Visualisations

Exploratory visualisations to accompany/supplement my paper for the Cultures of Exclusion conference, May 2017

The visualisations use two sources:

The sources are described in more detail in the link above, which also includes links to download the datasets (Creative Commons-licensed) for re-use. The summary data used for the visualisations and the underlying Rmarkdown code can also be downloaded from my github repository.

St Clement Danes and St Botolph Aldgate

The differences between the two series of examinations were quite surprising and raise a few caveats for quantitative analysis. The two series are very similar physically, bound volumes rather than loose files from which papers might easily go astray. But could there be missing volumes? Or not all examinations were copied into the books?

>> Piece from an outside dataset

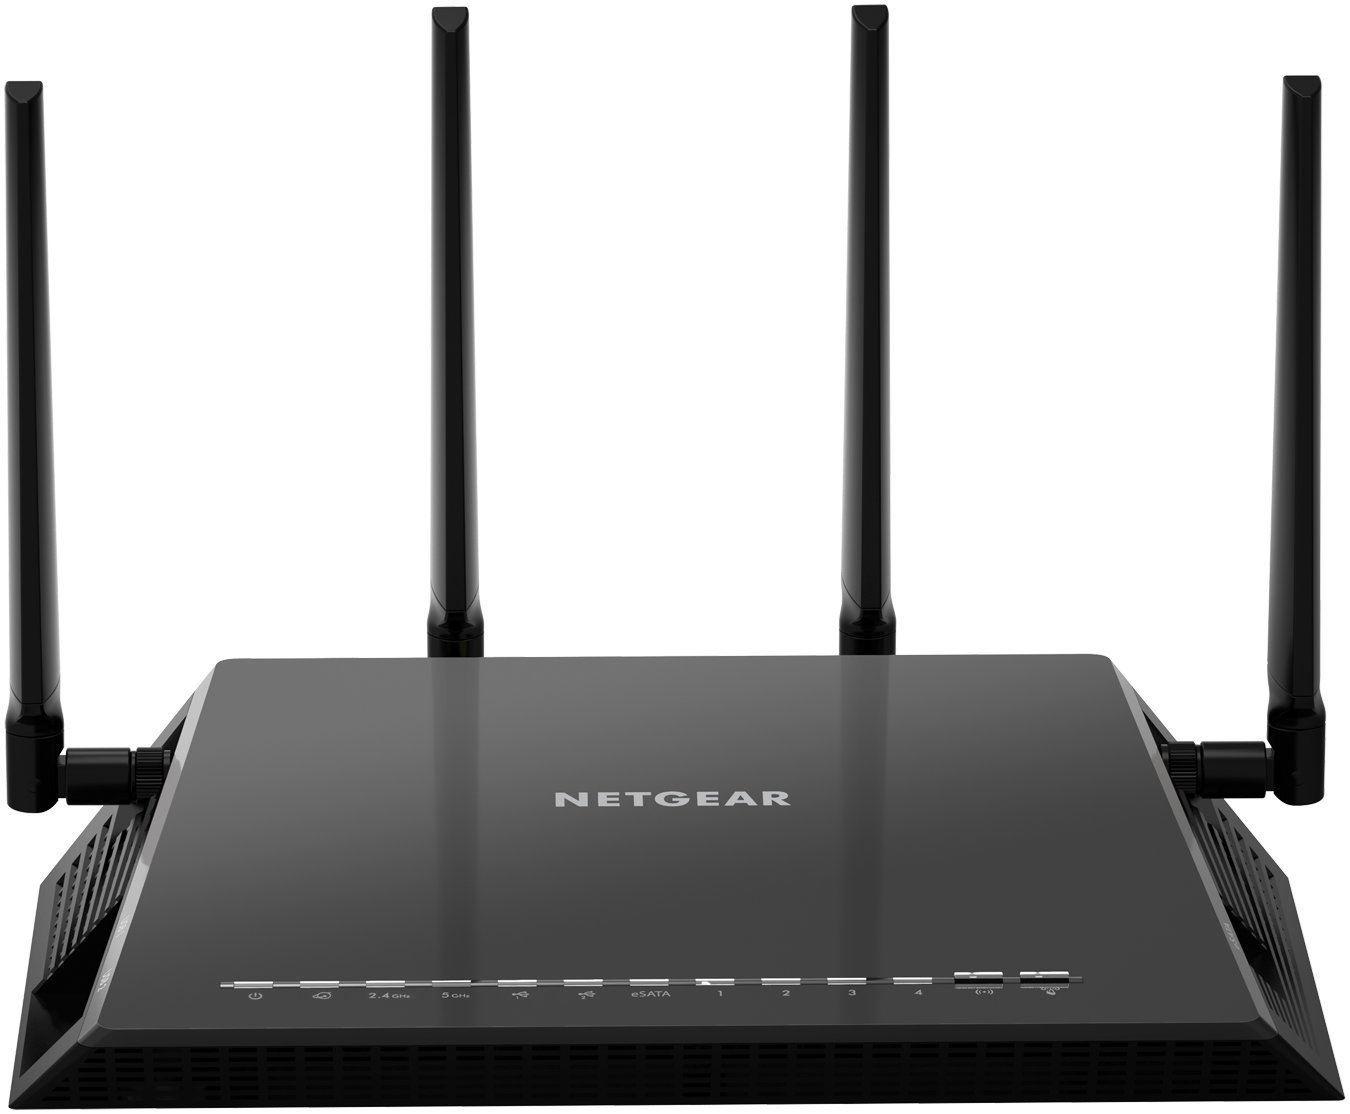 Netgear AC2350 Nighthawk X4 Smart WiFi Router (R7500) Image

When St Clement Danes examinations are broken down by examination type it’s clear that the vast majority were settlement examinations. About 10% were bastardy examinations; vagrancy examinations were a tiny number (<20). (Vagrancy examinations were recorded separately, often on pre-printed forms.)

The vast majority of exams in this series were settlement exams (green); bastardy exams (red) account for about 10% of the total. The vagrancy category is tiny. Vagrancy examinations were most often recorded on pre-printed forms and not copied into these records.

St Clement Danes Removal Orders

Settlement examinations survive in vast numbers in archives. Records of removal orders, however, are much less common and they enable more systematic analysis of decision-making that followed an examination.

(Removal was only one possible outcome of a settlement examination, though; the pauper might establish they had a settlement in the parish (and therefore they may well turn up in later poor relief records), or they might be able to produce a settlement certificate from their own parish.)

For the period 1753-92, then, there are 5046 examinations and 2479 orders, of which 2357 could be linked to at least one exam. (Conversely, 2365 exams could be linked to at least one removal order.)

The purpose of bastardy examinations was to establish paternity rather than being concerned with settlement, so very few resulted (directly) in removals. (However, some mothers were also examined concerning their settlements and may have been removed at a later date.)

There are two types of removal order in the register: non-specific orders I’m simply calling ‘pauper removals’ and vagrant removals (sometimes called passes, as the vagrants were “passed” to their destinations). Most of the orders that couldn’t be linked to examinations were vagrant removals, but this graph shows a striking proportion of settlement exams ultimately resulted in vagrant removal orders, highlighting the fuzzy boundaries between the poor laws and vagrancy laws.

Gender and examinations/removals

The following charts exclude bastardy examinations and a small number of examinations with both male and female examinants.

Women (as in other studies) were the overwhelming majority of examinants even once bastardy examinations are excluded, around 75%, and in most years this percentage did not vary greatly.